Starring: John Krasinski, Pablo Schreiber, James Badge Dale
To call 13 Hours propaganda would be an insult to that particular school of manipulative cinema. Bay simply doesn't have the skill to sell a political stance. To view the movie as anything more than a bad Assault on Precinct 13 knockoff is to give its director far too much credit.
For the past two decades, director Michael Bay has divided cinephiles like no other filmmaker. Depending on your point of view he's either a master of spectacle or a hack who doesn't know the first thing about the basics of cinematic storytelling. In bringing the story of the September 11th 2012 attack on a US diplomatic outpost in the Libyan city of Benghazi to the screen, it seemed Bay was set to divide cinema-goers on political lines.
Benghazi, and Hilary Clinton's lack of decisive action on that night, could be the make or break issue for US voters in the upcoming election, and it would seem from the outset that Bay's film is the most lavish party political broadcast ever created on behalf of the Republican party. From the beginning we have a conflict between gun-toting warriors and Ivy league educated intellectuals over how to deal with the security of the compound. A six-man team of CIA 'security contractors', led by Rone (James Badge Dale) and Jack (John Krasinksi), is assigned the task of securing the location and immediately find themselves bickering with 'The Chief' (David Costabile) over how to deal with the local populace.
Only Bay could make a movie that indulges in homophobia and homoeroticism within the same scene. While Jack argues with the effeminate chief in his office, Bay cuts back and forth to the courtyard, where a sweaty, half naked Rone pulls a tire behind him in a scene even Pasolini would find too raunchy. Throughout I kept waiting for a Top Gun-esque "Your ass is mine!" line.
Women have never fared well in Bay's film, but with most of his female cast clad in niqabs, opportunities for up-skirt shots simply don't present themselves here. There is however the classic Bay blonde in the form of a CIA officer who initially bickers with our bearded heroes before developing a case of damp panties when they later assert their alpha male ways during the attack.

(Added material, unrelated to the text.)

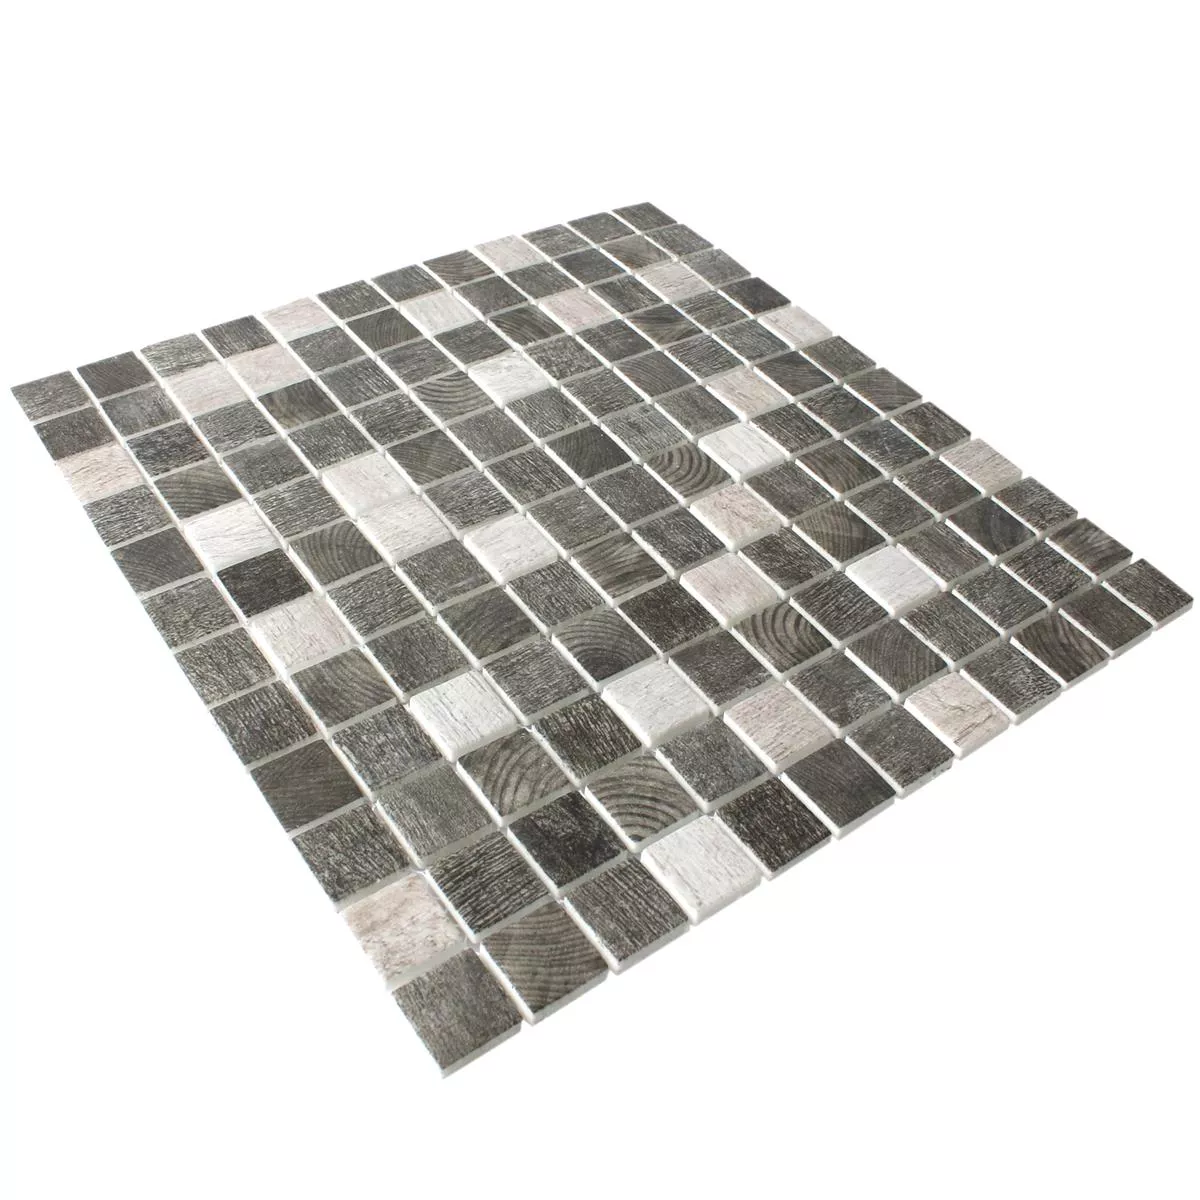 Mosaic Tiles Glass Valetta Wood Structure Grey

As for that attack, well it's probably Bay's best work to date, but that's all relative of course. He's still clueless when it comes to conveying geography, so it's difficult to get your head around where the various characters are at any given time. No attempt is made to humanise the attackers, reduced here to a throng of zombies in soccer jerseys and headscarves.
To call 13 Hours propaganda would be an insult to that particular school of manipulative cinema. Bay simply doesn't have the skill to sell a political stance. To view the movie as anything more than a bad Assault on Precinct 13 knockoff is to give its director far too much credit. It's only when the film has ended that it really shows its true colours; after a roll call of the four victims of the siege - Ambassador Christopher Stevens, diplomat Sean Smith, and CIA contractors Tyrone Woods and Glen Doherty - the film distastefully dedicates itself not to all four, but merely the latter pair.